How data, Industry 4.0, and AI are shaping modern asset management

Published:  16 November, 2021

How data is stored, collected, managed, and analysed, dictates the success of asset management from company to company. From condition monitoring to informing a spares strategy and even predicting which assets are needed in the future, data, when used well, can provide indispensable information for organisations of any industrial sector. Thomas Boswell* examines how digital industrialisation is transforming MRO and underpinning proactive asset management strategies.

Condition monitoring Condition monitoring essentially informs an asset management strategy by improving a business’ understanding of its assets, how they are functioning, and whether they are detrimental to productivity in the long, medium or short term.
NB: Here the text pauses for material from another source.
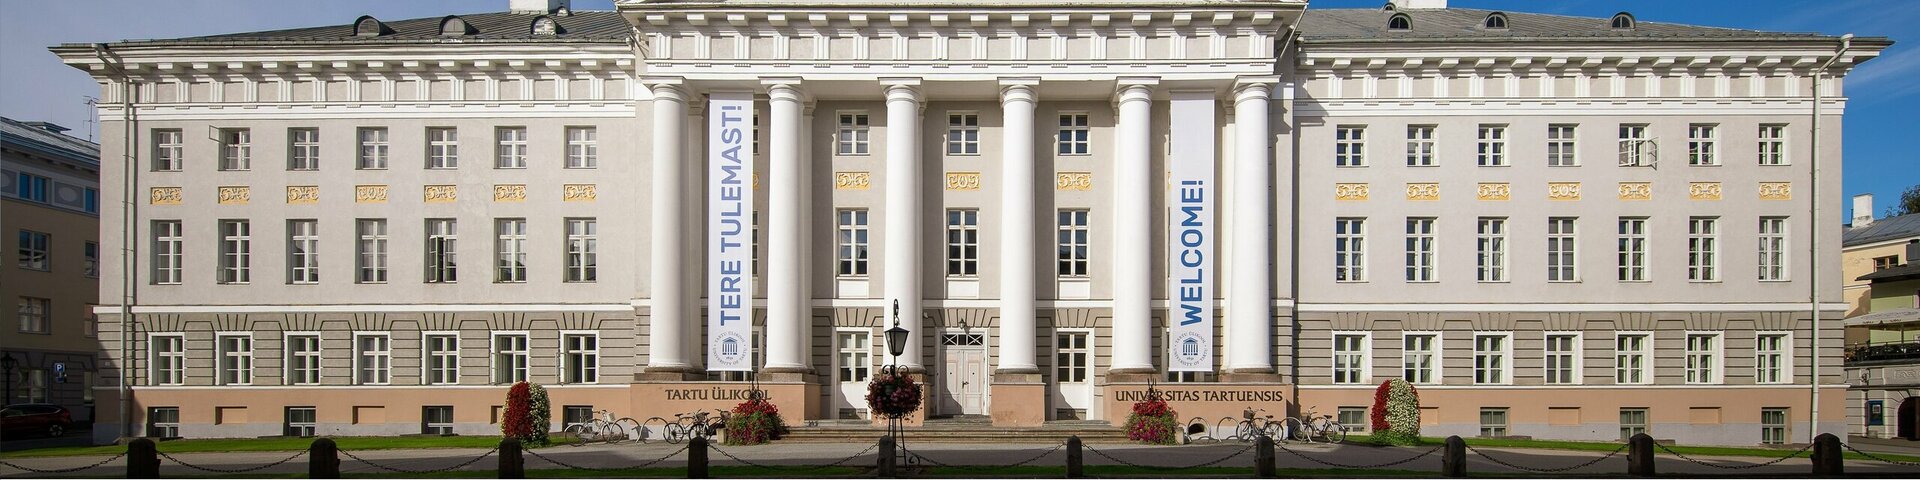 Main building of University of Tartu

It is more than just sticking a sensor on a machine. It’s a consistent evaluation of machine performance over time. In the same way that when a patient’s heart rate, temperature or other readings deviate from the norm, data associated with failure modes of machinery can indicate the health of assets. This data, such as variations in vibration, temperature, or noise, can be collected manually or automatically using sensors and telemetry solutions. Its analysis provides valuable insight into what is, or is not, working as it should, to inform what remedial action should be taken.

For example, we had installed and commission a system to investigate a bearing failure on a 5000 tonne multistage press, which had resulted in two days’ worth of downtime at an automotive manufacturer, resulting in a loss of around £80M in lost production. The press is the largest of its type in Europe and stamps sheet aluminium into vehicle panels. The condition monitoring system monitored vibration data associated with the most prominent failure modes of the press’ main drive motors, gearboxes, and flywheel / clutch bearings, based on predefined setup properties and alarms. A diagnostic unit was also integrated, and the result from the algorithms within the units were transmitted via an Eriks eConnect product to a cloud hosted trending and alarms solution where the customer had a unique log-in and data is available 24-7.

The system began to alarm continuously on the second fly wheel bearing after levels of vibration breached the yellow warning, eventually breaching the red critical alarm a month later. The data showed a defect on a fly wheel bearing which had a 630mm bore size and costs £25k for the thrust assembly. Once the bearing assembly was replaced, the levels of vibration returned to acceptable levels.

Providing foresight

Equipment used on the factory floor will require spare or back-up components, to minimise downtime and make sure that any faults or breakdowns are dealt with efficiently and quickly.

Without an informed spares strategy, businesses are left with one of two options: either they stock everything they could possibly need, or they make reactive purchasing decisions based on their needs of the moment. Neither of these are ideal. The first, because it places constraints on budgets, space and staff. The second, because it relies on stock being readily available from third-party suppliers, without factoring issues such as obsolescence or delivery.

Historically, a spares strategy is normally dictated by the criticality of assets and past failures. However, the criticality of an asset becomes dynamic when you factor in the condition. The level of insight provided by condition monitoring data means that businesses can identify critical components that are most likely to fail. The777se, along with key supplies that are difficult to source, can be taken into account when deciding which spare or new parts should be prioritised for purchase. At the automotive manufacturer for example, the condition monitoring helped to identify the fly wheel bearing as a critical component. As a result, the customer purchased two more spare fly wheel thrust assemblies at a significant expense, to be put in storage.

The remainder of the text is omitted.